Editorial (easy): E0. Who can win the max leaf?

For each vertex $v$, output Y if $v$ can appear in at least one achievable final set $S$, else N.

You are not counting how many distinct sets exist. That is E1.

Each round:

1. Add the current maximum-index leaf to $S$.
2. Delete a different leaf.

So:

Vertex $v$ is Y iff you can schedule deletions so that, in some round, $v$ is that max leaf.

Always Y

• $n$ (largest label, never deleted).
• $s$ = maximum-index leaf in the initial tree (round 1 is forced).

Trivial whole test

• If $s = n$, every round is forced. Only $n$ is ever stamped: output N...NY.

Usually N

Root the tree at $n$. For $v \ne n$, let $\mathrm{sub}[v]$ be the maximum label in $v$’s subtree away from $n$.

If $\mathrm{sub}[v] \ge v$, some descendant on the same branch has label at least $v$. While that descendant can still appear as a leaf, it beats $v$ as max leaf, so you can always delete $v$ before it wins. Then $v$ is N.

If $\mathrm{sub}[v] < v$, call $v$ a branch champion: every vertex farther out on that branch is smaller.

Vertex $n - 1$ can be Y even when $\mathrm{sub}[n - 1] > n - 1$ (so it is not a champion): a larger label sits below it on its branch, but once that child is cleared, $n - 1$ can still become max leaf. This happens on path-like trees.

Rule: mark $n - 1$ as Y when $\mathrm{sub}[n - 1] > n - 1$ and $s \ne n$.

Being a champion is necessary but not sufficient.

Example ($n = 7$, sample 3): vertices $4$ and $5$ are champions and both are Y, but vertex $1$ is a champion on a dead side branch and is N.

Champions are processed in increasing label order starting from $s$. When champion $v$ becomes relevant:

• all smaller-label champions have already shaped which leaves the other branches expose;
• on $v$’s own branch, the last active frontier below $v$ is $\mathrm{sub}[v]$.

Vertex $v$ can win in some play iff there is still at least one partial schedule among earlier champions that is not already frozen by the time the frontier was at $\mathrm{sub}[v]$.

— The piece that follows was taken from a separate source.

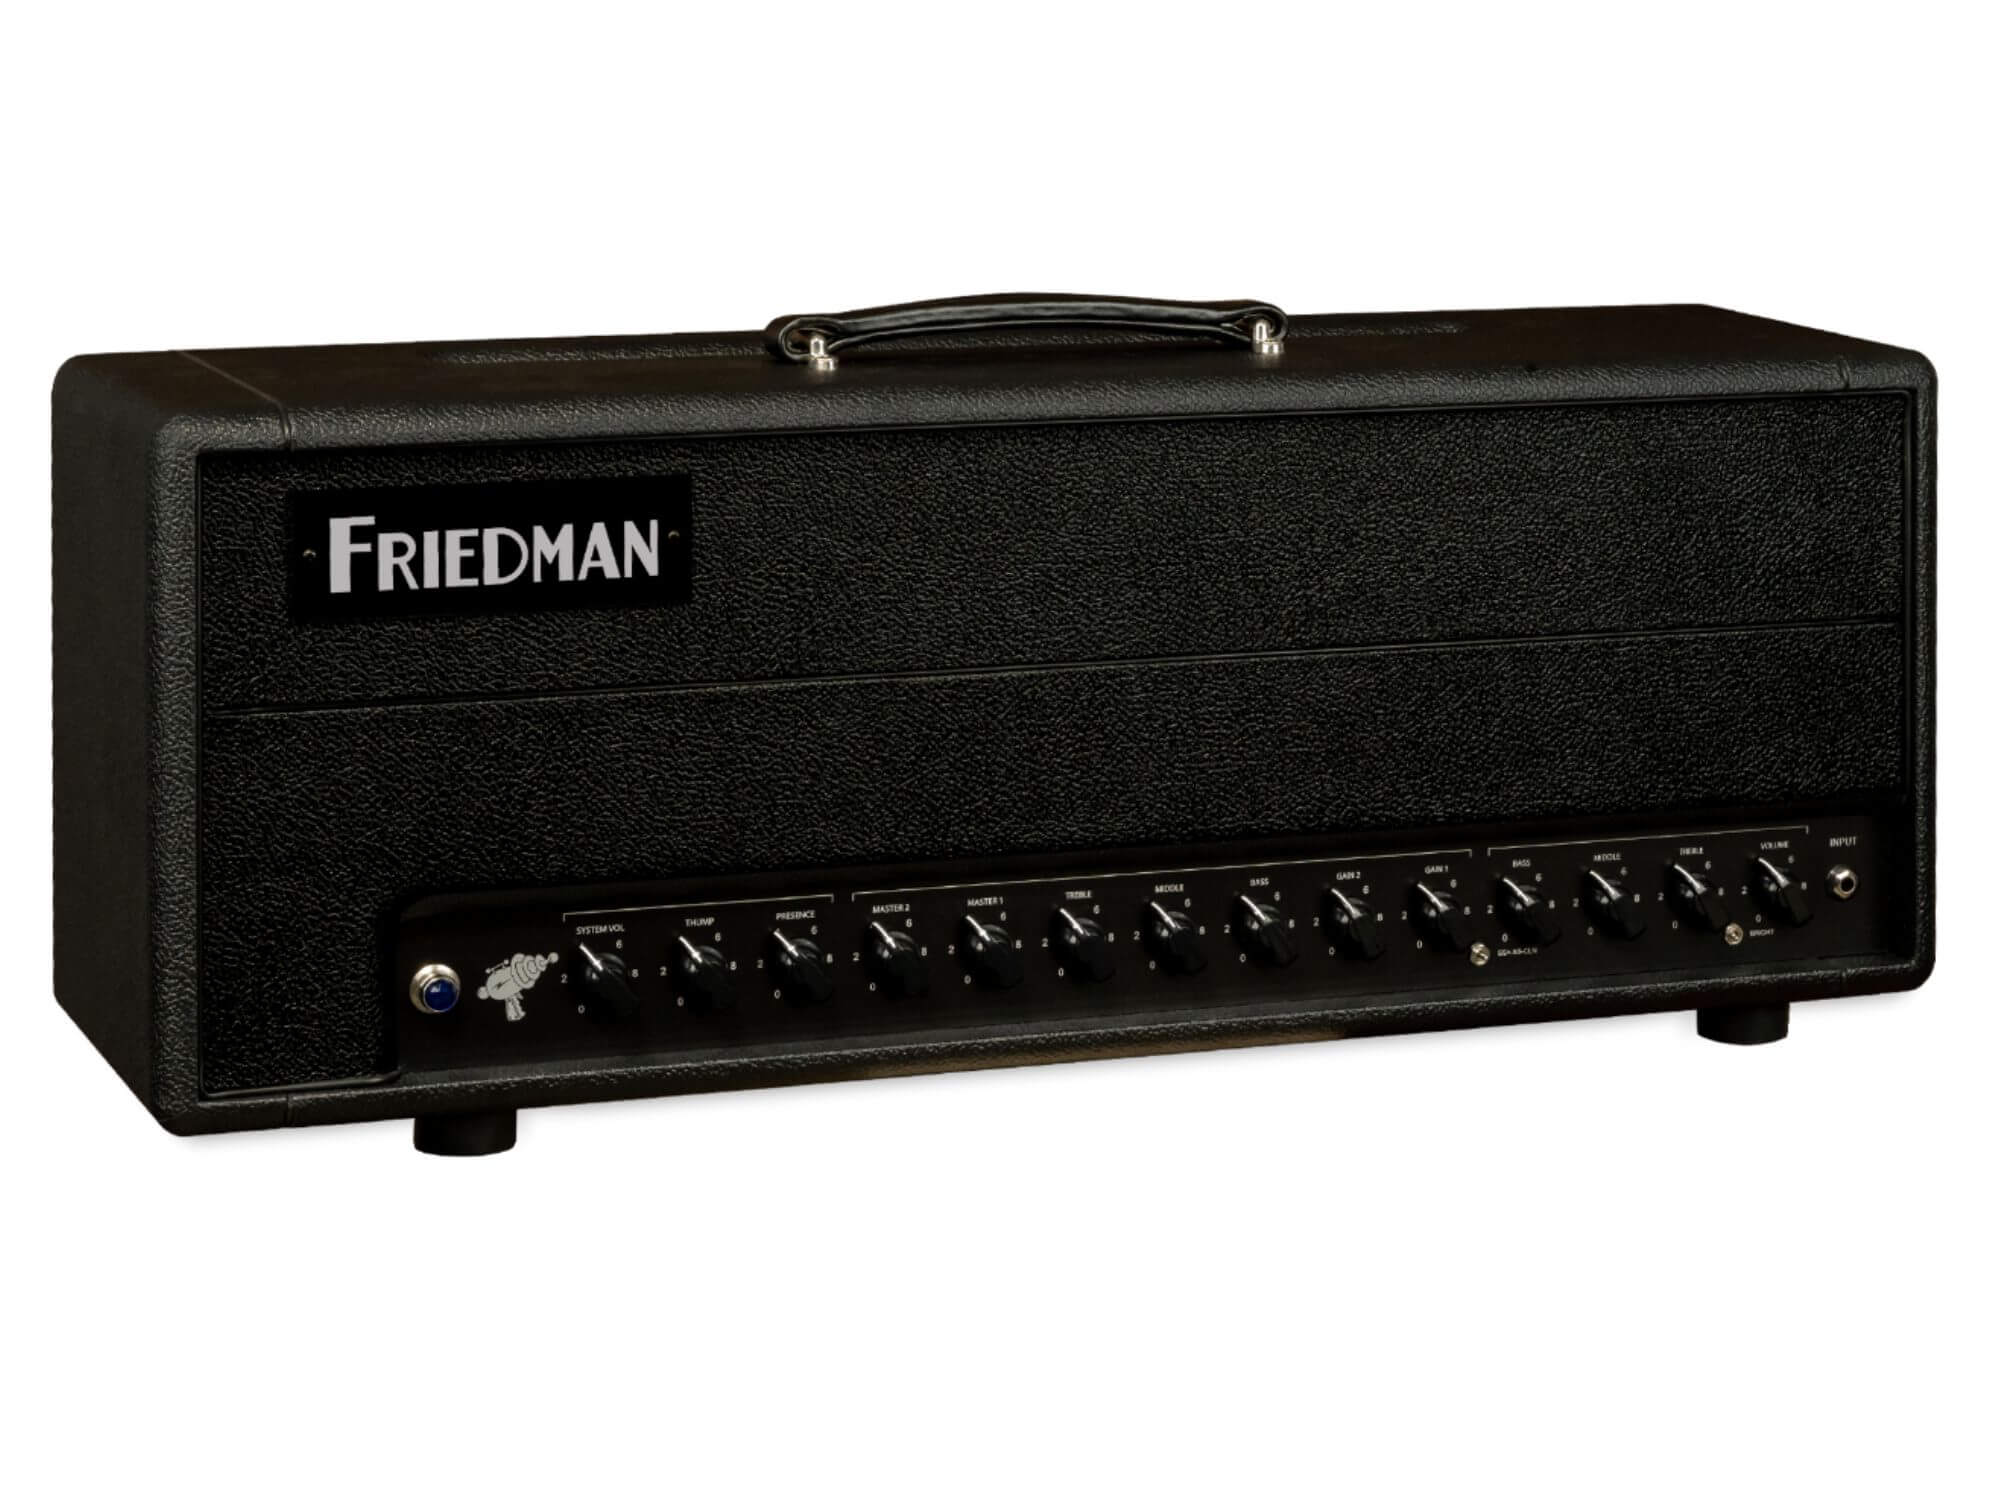 Friedman SS100-v2

You do not need to list those schedules. You only need a yes/no test.

Run the same DFS from $n$ as in E1 to fill $\mathrm{sub}[\cdot]$.

Then sweep labels $i = s, s + 1, \ldots, n - 1$ and maintain one integer array $\mathrm{pre}[i]$:

• meaning: how many partial play outcomes are possible after processing all champions with label at most $i$;
• in E0 you never use the actual number for the final answer — only comparisons.

Build $\mathrm{pre}$ for labels $1, 2, \ldots, s - 1$ with the same update (start from $\mathrm{pre}[0] = 0$).

Set $\mathrm{pre}[s] = 1$ (round 1 fixes $s$).

For $i > s$:

• if $\mathrm{sub}[i] \ge i$ (not a champion): $\mathrm{pre}[i] = \mathrm{pre}[i - 1]$;
• else let $\mathrm{add} = \mathrm{pre}[i - 1] - \mathrm{pre}[\mathrm{sub}[i]]$ and set $\mathrm{pre}[i] = \mathrm{pre}[i - 1] + \mathrm{add}$.

Membership for champion $v$:

Equivalently, the increment $\mathrm{add}$ at $i = v$ would be positive. That is the entire feasibility test.

E1’s answer is built from the numeric values of the same sweep (how many distinct full sets remain at the end).

E0 only asks: “is the increment at $v$ positive?” — i.e. can $v$ still matter in at least one partial outcome?

No prefix sum of distinct sets is required for the problem statement; one array $\mathrm{pre}$ is enough.

1. Find $s$ = max-index leaf. Mark $n$ and $s$ as Y. If $s = n$, print and stop.
2. DFS from $n$ for $\mathrm{sub}[v]$.
3. Build $\mathrm{pre}$ with the sweep above.
4. For each $v < n$:
   • if $\mathrm{sub}[v] < v$ and $\mathrm{pre}[v - 1] > \mathrm{pre}[\mathrm{sub}[v]]$: Y;
   • else if $v = n - 1$ and $\mathrm{sub}[v] > v$ and $s \ne n$: Y;
   • else if $v \notin \{n, s\}$: N.

Achievable sets: $\{3,6,7\}$, $\{3,4,6,7\}$, $\{3,4,5,6,7\}$.

Output: NNYYYYY.

E0 classifies vertices with one comparison per champion.

E1 reuses the same $\mathrm{pre}$ sweep but keeps the numeric increments and sums them on the branch of $n - 1$ after index $\mathrm{other}$. See editorial.md.

$O(n)$ time and $O(n)$ memory per test case.